Patient Advocacy Organizations, Industry Funding, and Conflicts of Interest

Author Affiliations
  • 1Office of Patient Experience, Department of Bioethics, Cleveland Clinic, Cleveland, Ohio
  • 2Cleveland Clinic Lerner College of Medicine, Case Western Reserve University, Cleveland, Ohio
  • 3Harris School of Public Policy, University of Chicago, Chicago, Illinois
  • 4Department of Quantitative Health Sciences, Cleveland Clinic, Cleveland, Ohio
  • 5Department of Medical Ethics & Health Policy, Perelman School of Medicine, University of Pennsylvania, Philadelphia
JAMA Intern Med. 2017;177(3):344-350. doi:10.1001/jamainternmed.2016.8443
Key Points

Question  What is the nature of industry funding of patient advocacy organizations in the United States?

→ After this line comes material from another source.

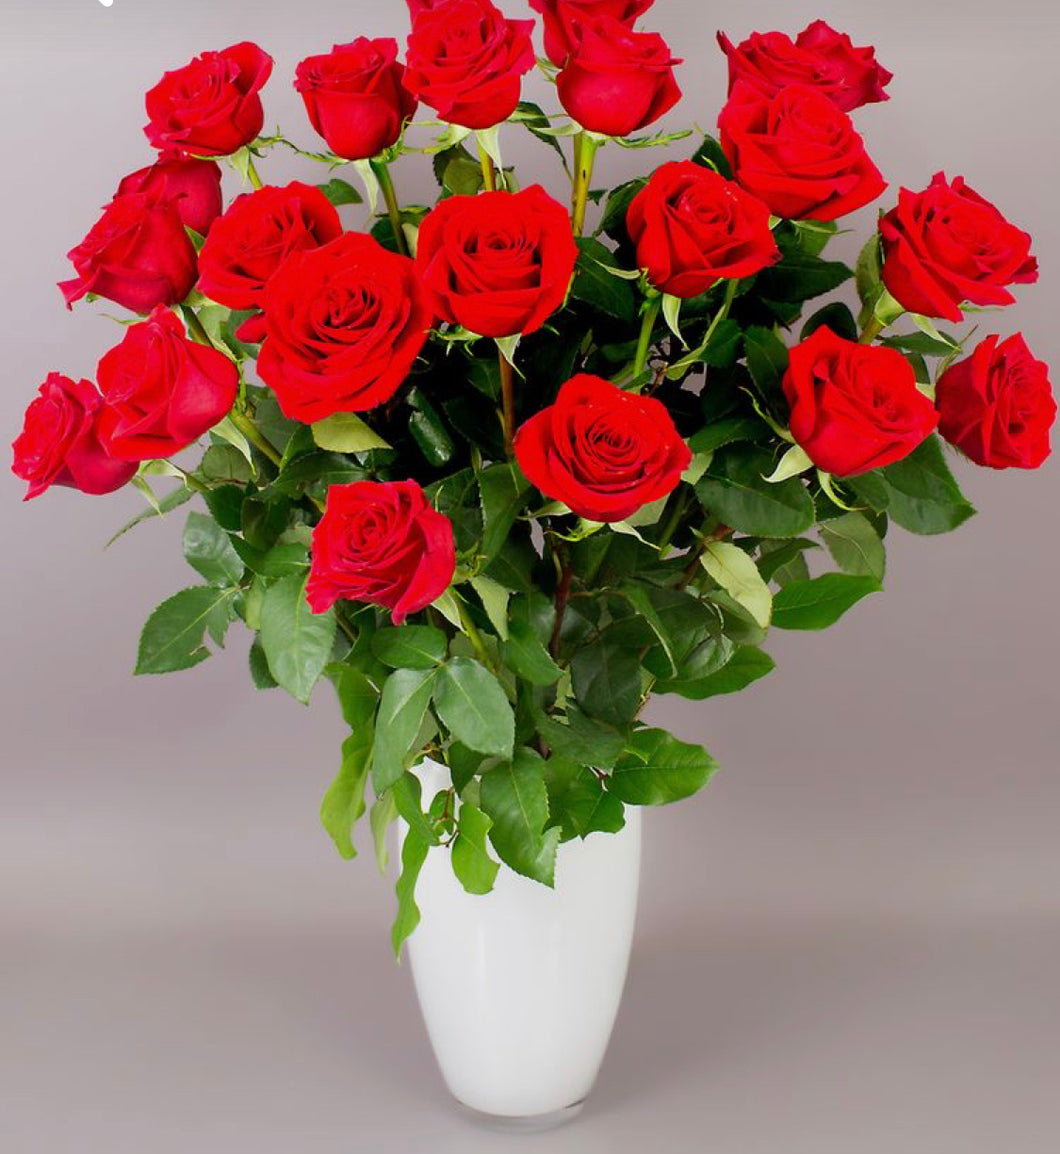 24 Red Roses in White vase.- Best Seller

Findings  This survey study found that 67% of a national sample of patient advocacy organizations, virtually all of which were not for profit, reported receiving funding from for-profit companies. Twelve percent received more than half of their funding from industry; a median proportion of 45% of industry funding was derived from the pharmaceutical, device, and/or biotechnology sectors.

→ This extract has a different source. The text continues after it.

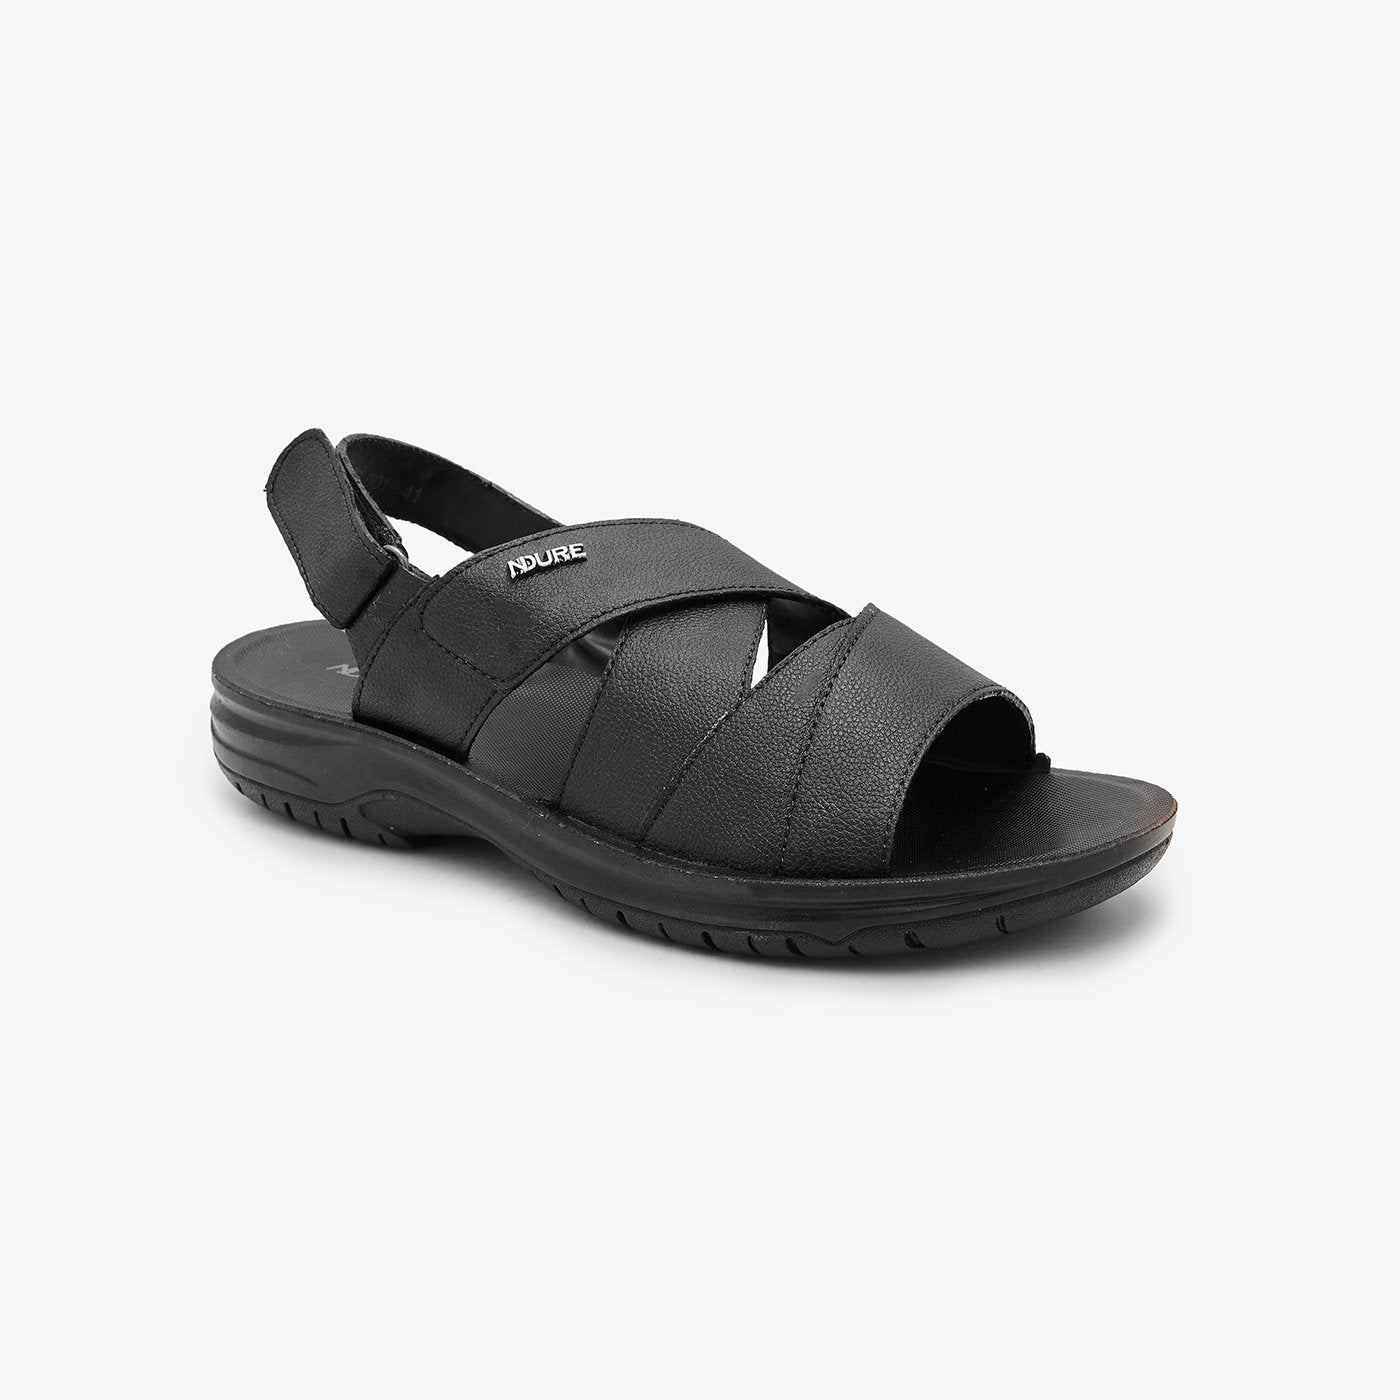 men sandals price in Pakistan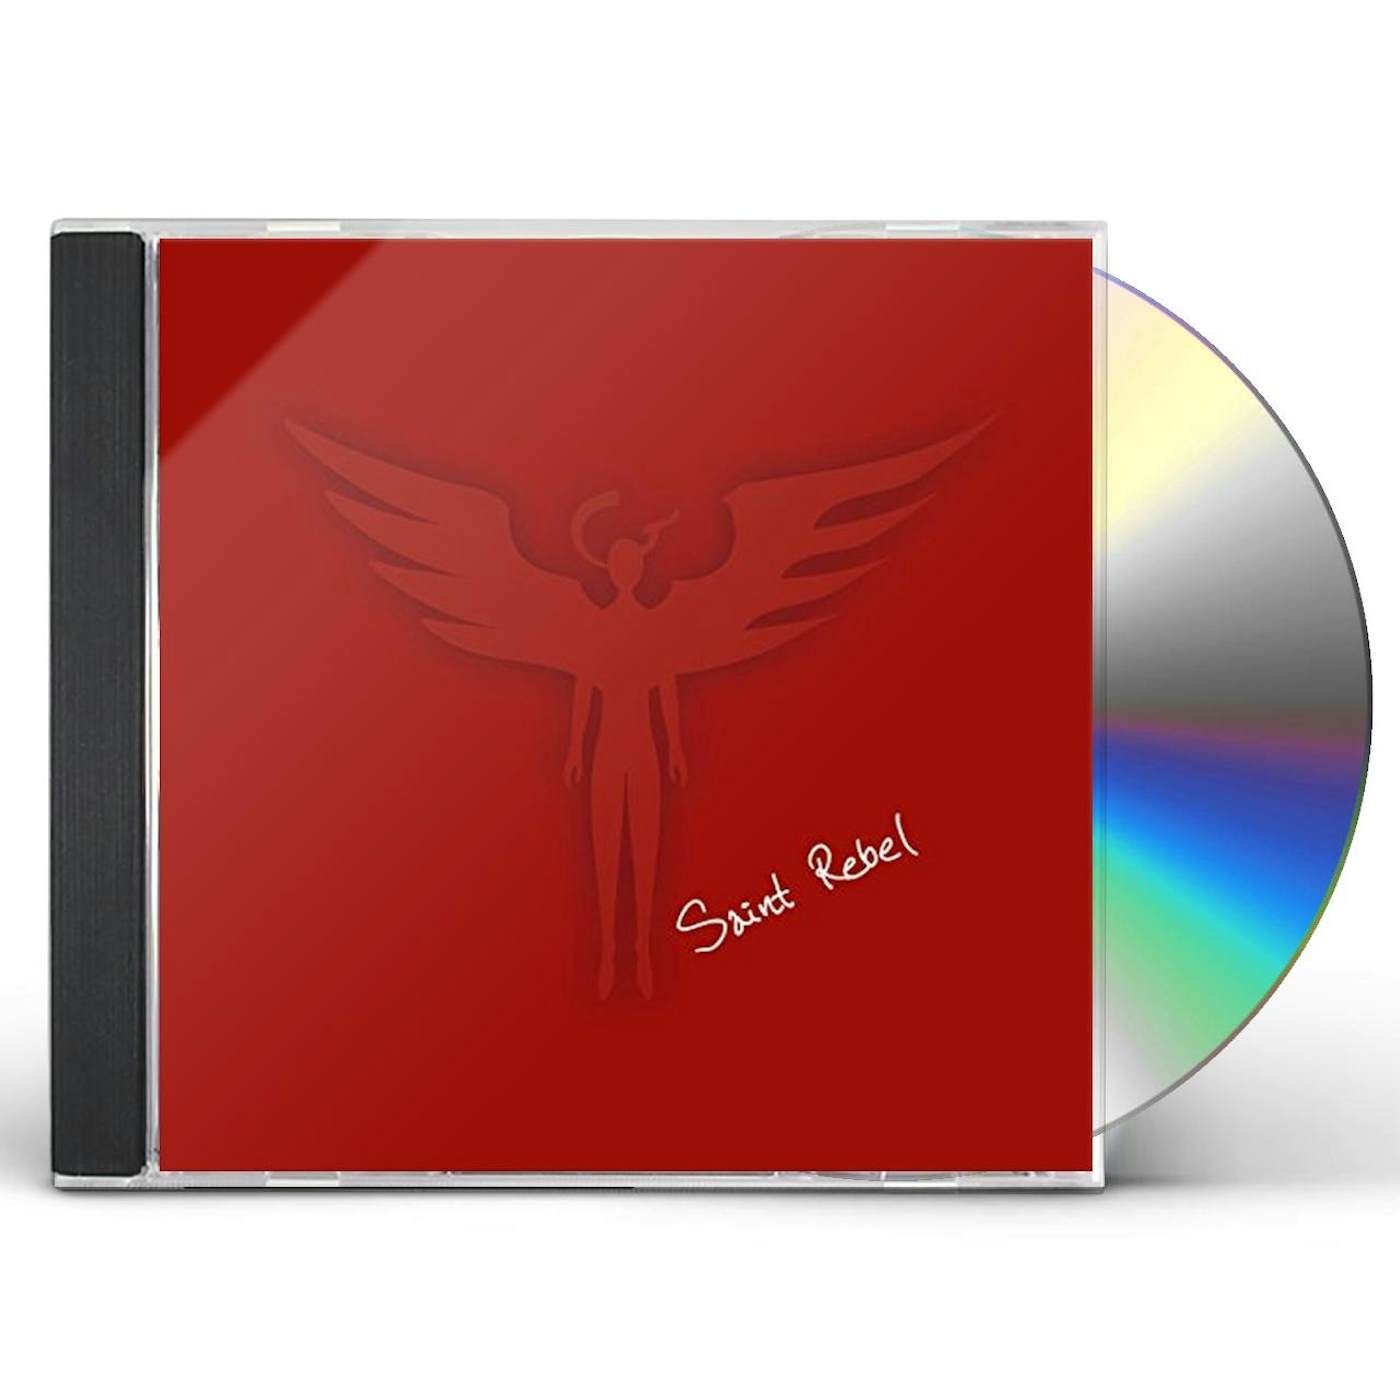 SAINT REBEL CD

Meaning  Most advocacy organizations receive money from industry; therefore, increased transparency and robust conflict of interest policies and practices are needed to help these non-profit organizations maintain their independence.

Abstract

Importance  Patient advocacy organizations (PAOs) are influential health care stakeholders that provide direct counseling and education for patients, engage in policy advocacy, and shape research agendas. Many PAOs report having financial relationships with for-profit industry, yet little is known about the nature of these relationships.

Objective  To describe the nature of industry funding and partnerships between PAOs and for-profit companies in the United States.

Design, Setting, and Participants  A survey was conducted from September 1, 2013, to June 30, 2014, of a nationally representative random sample of 439 PAO leaders, representing 5.6% of 7865 PAOs identified in the United States. Survey questions addressed the nature of their activities, their financial relationships with industry, and the perceived effectiveness of their conflict of interest policies.

Main Outcomes and Measures  Amount and sources of revenue as well as organizational experiences with and policies regarding financial conflict of interest.

Results  Of the 439 surveys mailed to PAO leaders, 289 (65.8%) were returned with at least 80% of the questions answered. The PAOs varied widely in terms of size, funding, activities, and disease focus. The median total revenue among responding organizations was $299 140 (interquartile range, $70 000-$1 200 000). A total of 165 of 245 PAOs (67.3%) reported receiving industry funding, with 19 of 160 PAOs (11.9%) receiving more than half of their funding from industry. Among the subset of PAOs that received industry funding, the median amount was $50 000 (interquartile range, $15 000-$200 000); the median proportion of industry support derived from the pharmaceutical, device, and/or biotechnology sectors was 45% (interquartile range, 0%-100%). A total of 220 of 269 respondents (81.8%) indicated that conflicts of interest are very or moderately relevant to PAOs, and 94 of 171 (55.0%) believed that their organizations’ conflict of interest policies were very good. A total of 22 of 285 PAO leaders (7.7%) perceived pressure to conform their positions to the interests of corporate donors.

Conclusions and Relevance  Patient advocacy organizations engage in wide-ranging health activities. Although most PAOs receive modest funding from industry, a minority receive substantial industry support, raising added concerns about independence. Many respondents report a need to improve their conflict of interest policies to help maintain public trust.